I have heard numerous times that vLLM is the way to go, especially for dual GPU setups. However I am really struggling setting this up and I’m not sure why.
Hardware:
CPU: AMD EPYC 7402p
RAM: 256GB Octo-Channel DDR4
GPU0: Nvidia RTX 2070 (8GB)
GPU1: Nvidia RTX 4060Ti (8GB)
Model Storage: 1TB Crucial P5 NVMe PCIe Gen3 (Dedicated for Ai Models)
Software:
OS: Unraid 7.1.2
Linux Kernel: 6.12.24-Unraid
Install Method: Docker vllm/vllm-openai:latest
Nvidia Driver Version: 575.51.02
LLM GUI: Open WebUI v0.6.12
Issues
Regardless of model used, I get an error about a missing chat template. I have even tried downloading templates manually and specifying the path in the command.
The few times I did get vLLM to work, the performance was actually worse than Ollama was on a single AMD WX9100. And thats a pretty old GPU.
Im not 100% sure where to go from here, I have tried digging through the docs, and even when I do get the CUDA OOM errors to stop, I still get the chat template error.
vLLM requires a chat template for chat-style models; most base models do not include one, so you must provide it manually using the --chat-template argument. If you see a “missing chat template” error, it means the model lacks a built-in template and vLLM cannot format chat prompts automatically—this is expected for non-instruction-tuned models. You can find or create a chat template (e.g., from HuggingFace or vLLM examples) and specify its path with --chat-template; see docs and example usage.
Performance issues may be due to model choice, quantization, or suboptimal parallelism. Also, vLLM’s multi-GPU support works best with identical GPUs; mixing a 2070 and 4060Ti may cause imbalances or errors. For CUDA OOM, try reducing --max-model-len or --gpu-memory-utilization, and ensure your model fits within the combined VRAM. For more troubleshooting, see troubleshooting guide.
Would you like step-by-step instructions for setting up a chat template or optimizing multi-GPU performance?

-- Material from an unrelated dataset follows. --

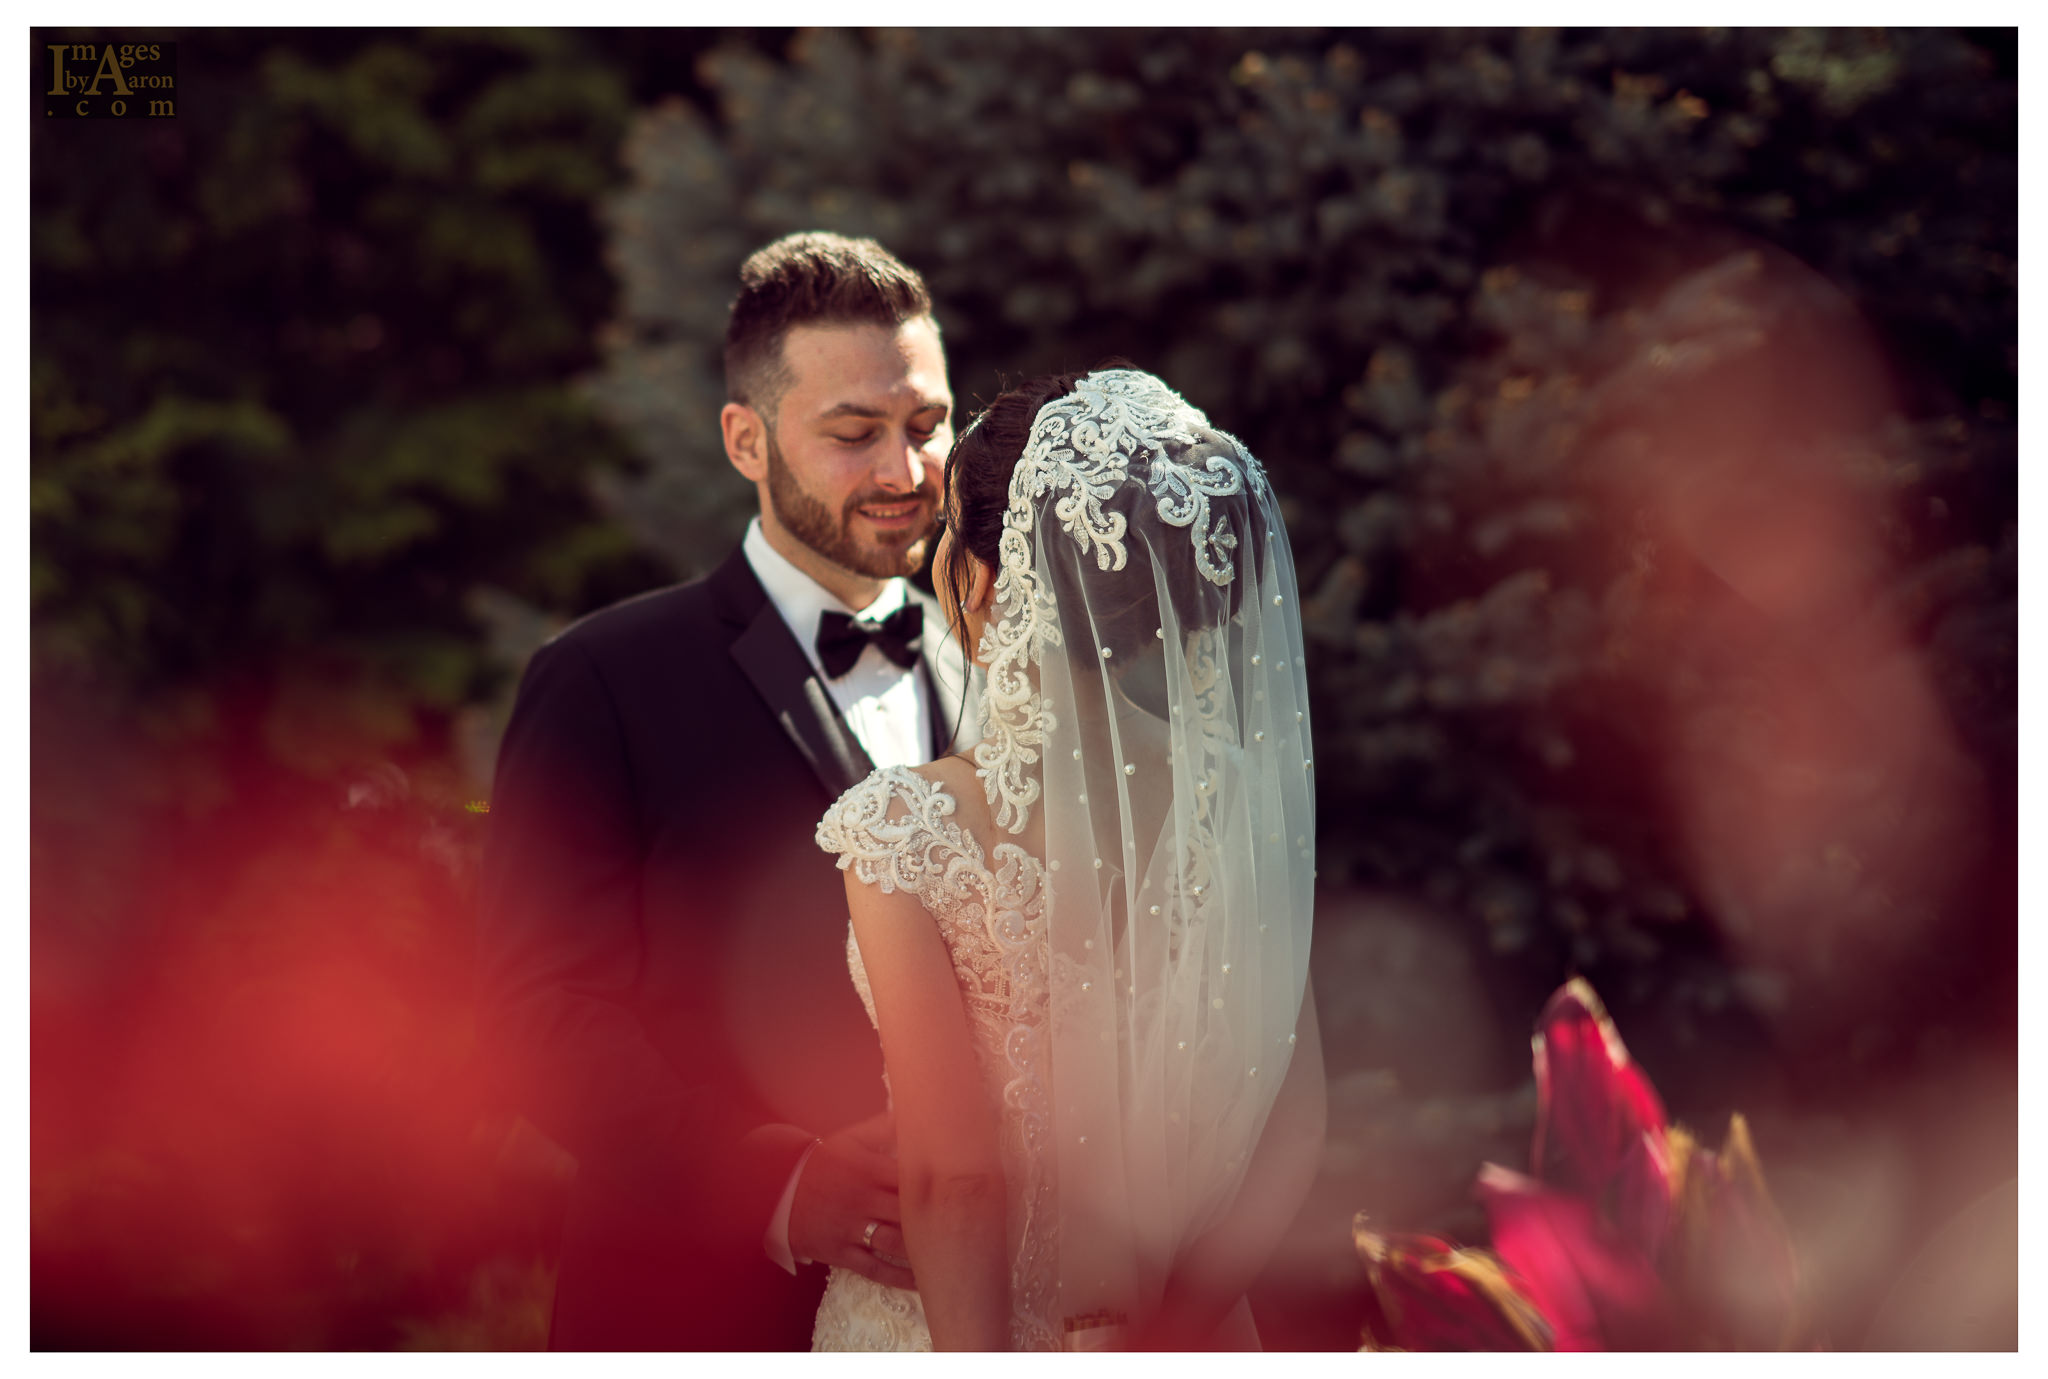 Gokce Turkish Wedding First Look New York Photographer Wedding Photography The Royal Manor-7.jpg

I think I figured out the chat template issue. But performance and stability, I’m completely lost on what would work best with my setup.
The part that makes it the most confusing is that Ollama on my WX9100, which is a 16GB card from 2017, could run Gemma3:27B…fine. It was usable, but far from fast. Now with the dual GPUs which are orders of magnitude more powerful, and combined still have 16GB of vRAM, in Ollama Gemma3:27B in unusable.
After doing tons of reading the unanimous answer for multiple GPU’s is vLLM, but it has an overwhelming number of knobs and switches and trying to dive in headfirst with two mismatched GPUs is not easy.
I legitimately hate being “that guy” but would you or anyone else be able to help with some sane settings that can let me utilize these cards effectively in parallel?